The waters have receded and left behind a mess in parts of Monmouth County.
In the Wanamassa section of Ocean Township, several homes were flooded on Allenhurst Avenue.
Bill Rosenblatt knew Monday’s storm was different.
“It was somewhere between 5 and 7 inches of rain in a few hours. I kept looking out the window and I saw the street starting to get high,” he said.
A makeshift wall was no match for the wake left behind from a passing truck.
“It produced a wave that I probably could have surfed on and knocked down the wall and water came flying down here,” said Rosenblatt.
Rosenblatt’s first thoughts were with his renters, a young couple with a 4-month-old baby.
“She was walking with the baby in probably thigh-high water,” he said.
Meanwhile, a few blocks away, flooding inundated an office complex. Manasquan High Water Rescue teams from the volunteer fire department raced north, assisting dozens.
“We rescued about 25 people from a corporate office. I believe it was a doctor’s office and a dental office. They said they have never seen water that high before,” said Manasquan Police Detective Sgt. Johne Ringo, the town’s deputy OEM coordinator.

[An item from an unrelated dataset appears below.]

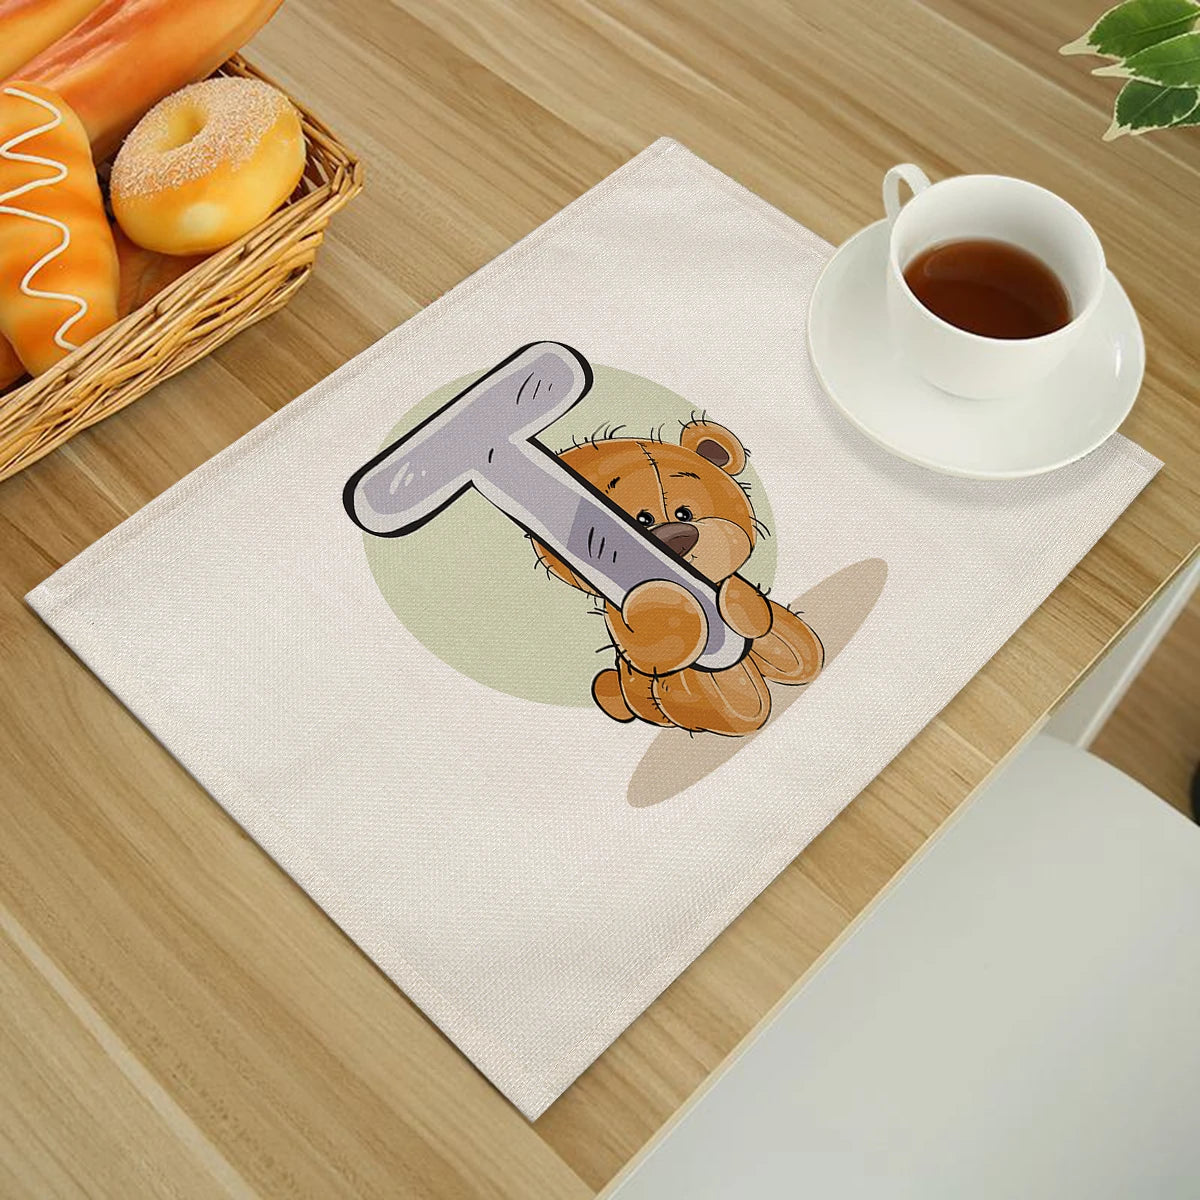 Kartun Lucu Animal Beruang Dapur Dapur untuk Anak-anak Anak Bahasa Inggris Alfabet A-Z Print Cotton Linen Meja Makan Coaster

Rosenblatt says the downstairs sheetrock, cabinets and furniture are all a total loss. But he and his rental family made it out unhurt.
“The storm, the loss of power and then we have the floods. What’s next, the locusts,” he jokingly asked.
Rosenblatt and his neighbors want to see Monmouth County declared a federal disaster area to open federal funding to help these victims recover and get back on their feet.